This morning S&P announced that the outlook on UK’s long term sovereign credit rating was put on negative outlook. It’s important to stress that a change in rating outlook does not mean that a downgrade to AA is inevitable, but obviously the risk has increased (S&P say the chance is “one in three”). The primary reason for the change was that the “UK’s net general government debt may approach 100% of GDP and remain near that level in the medium term”. 10 year gilt yields initially spiked 13 basis points on the news, but have since recovered most of the lost ground.
In truth it’s a bit of a surprise that people were surprised. Firstly, it’s been clear for some time that the UK’s government debt is approaching 100% of GDP. Indeed the OECD were saying this back in March, as can be seen in the second chart in a recent comment on this blog (see here).
Secondly, as we wrote in October last year and more recently this February, the credit derivatives market has long been saying that the risk of default on the UK is broadly in line with an AA rated sovereign rather than an AAA rated one. This chart (data as at the end of yesterday) shows the 5 year CDS on a range of European sovereigns, and as you can see the premium for insuring against the risk of default on Germany and France (both rated AAA) has been considerably lower than the premium for the UK for quite a while. Since the end of last year, the implied risk of default on the UK has been more in line with AA rated issuers such as Belgium, Portugal and Spain. (Note that if the credit derivative market is anything to go by, Switzerland and particularly Austria may soon find their AAA rating under threat too).

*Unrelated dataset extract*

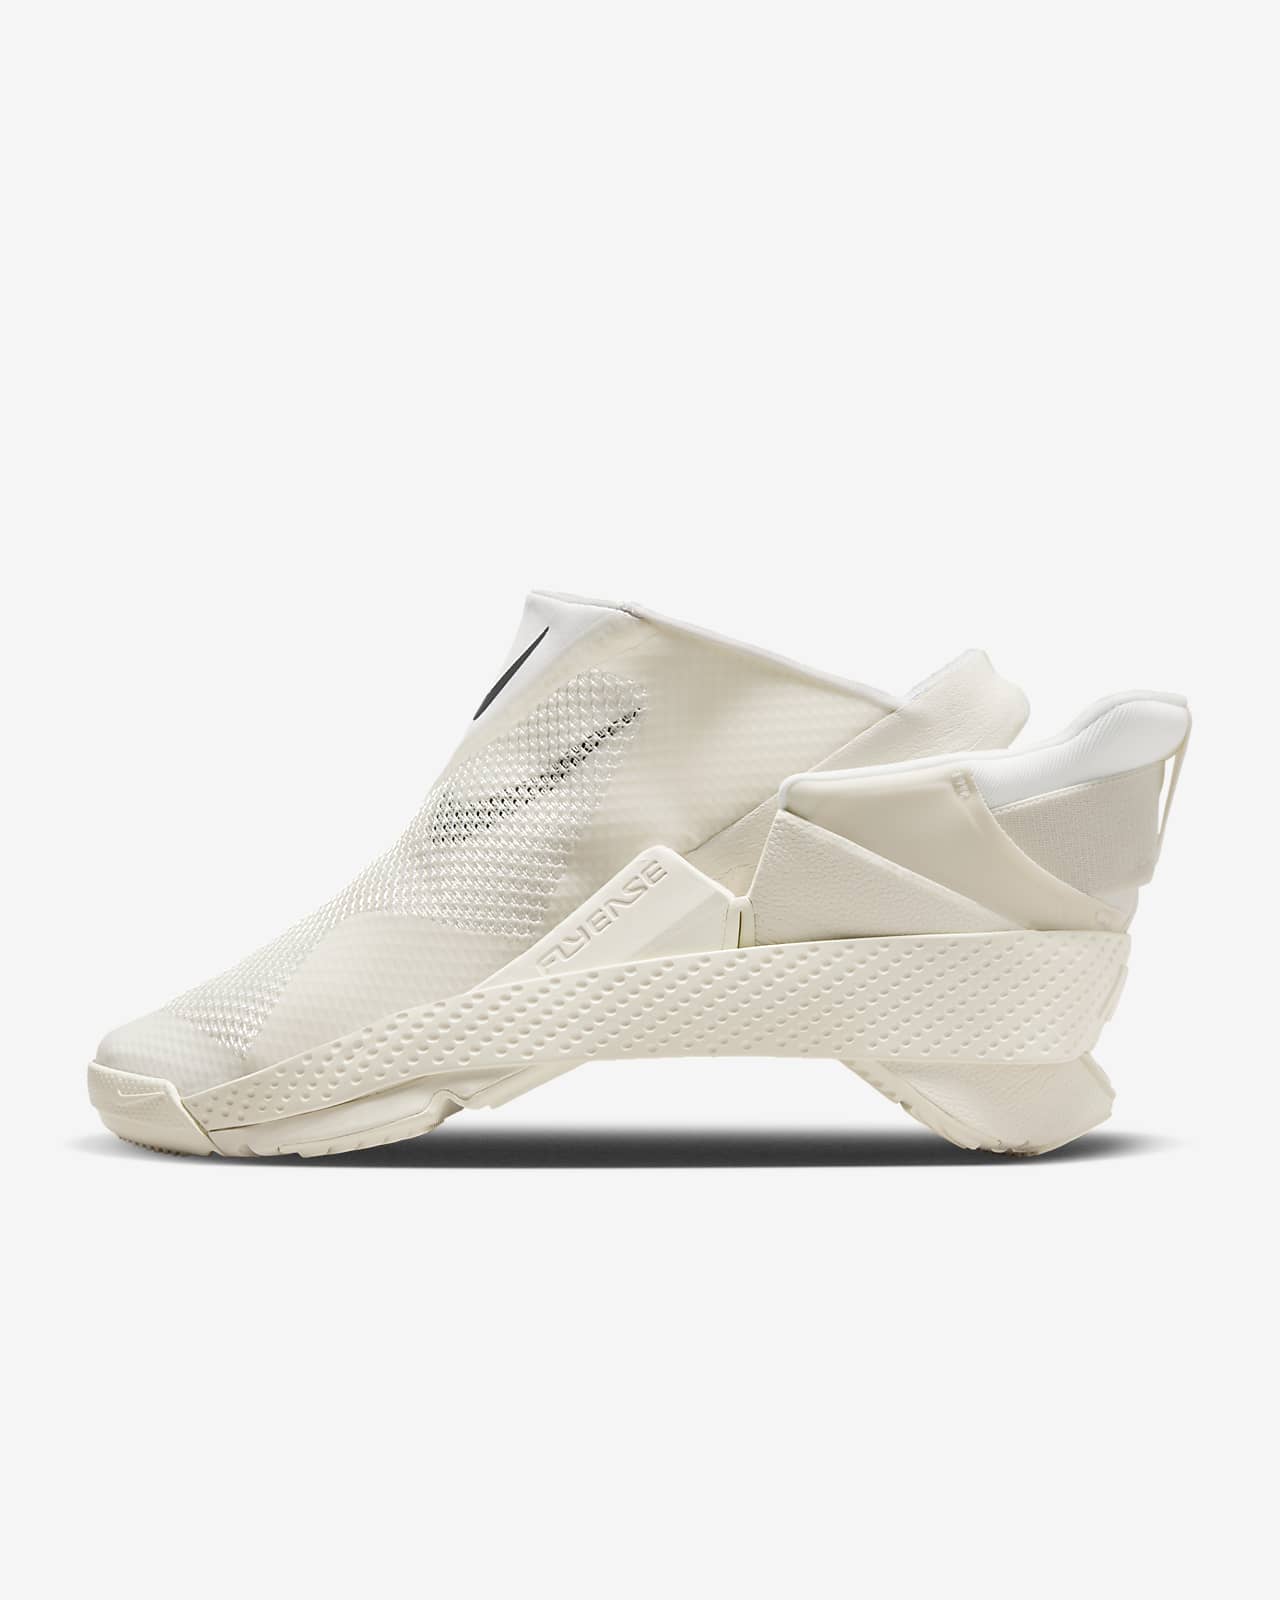 Nike Go FlyEase Kolayca Giyilip Çıkarılabilen Ayakkabı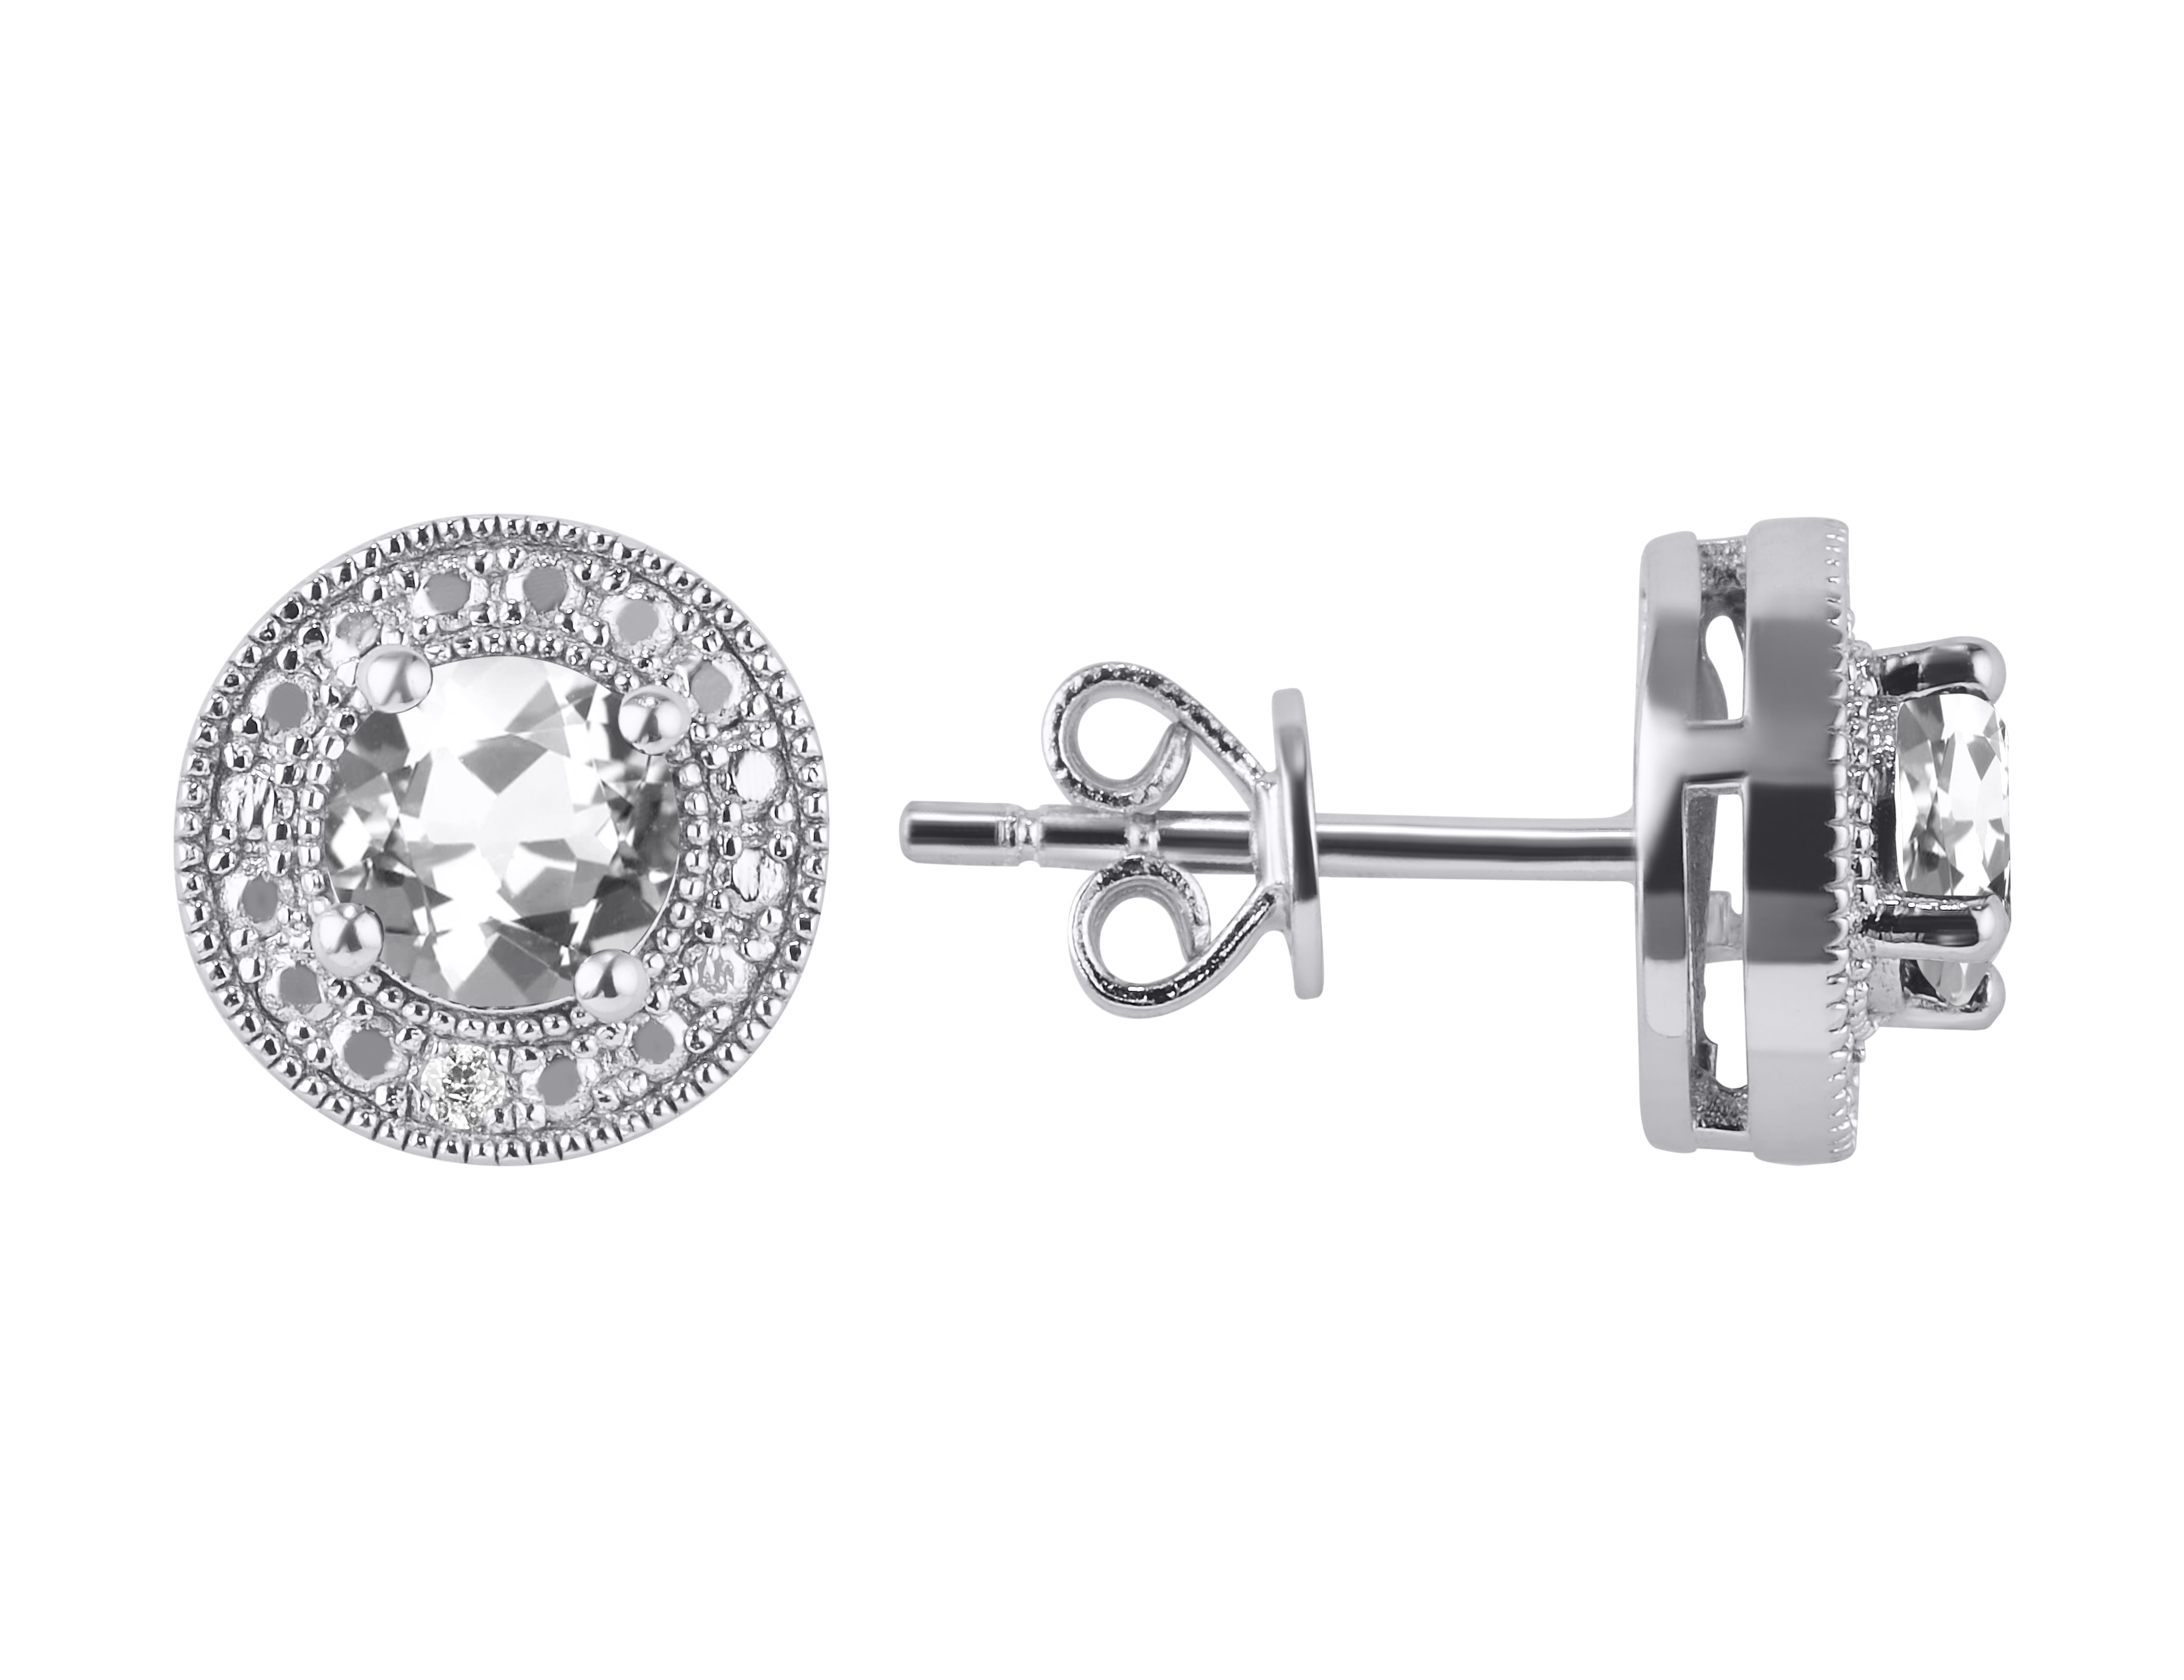 Details about   925 Sterling Silver Mystic Fire TOPAZ Drop Dangle Earrings Hook Ear Studs Gift

So does it matter if the UK does eventually get downgraded to AA? Judging by this morning’s very successful UK government bond issue, not much. The UK’s Debt Management Office issued £5bn of UK gilts maturing in 2014, and the issue attracted bids for 2.6 times the amount offered. This was impressive considering that, as RBC have pointed out, it was the biggest ever nominal amount of bonds sold in a single operation. Also, a credit rating downgrade doesn’t necessarily mean government bond yields will rise – Moody’s downgraded Japan to A2 in June 2002, which was lower than the credit rating of Botswana at the time, and that didn’t stop 10 year Japanese government bond yields getting to 0.4% in May 2003. And lastly, what do the credit rating agencies know anyway – as we’ve previously documented on this blog (see here), Moody’s rated Iceland Aaa until May 2008.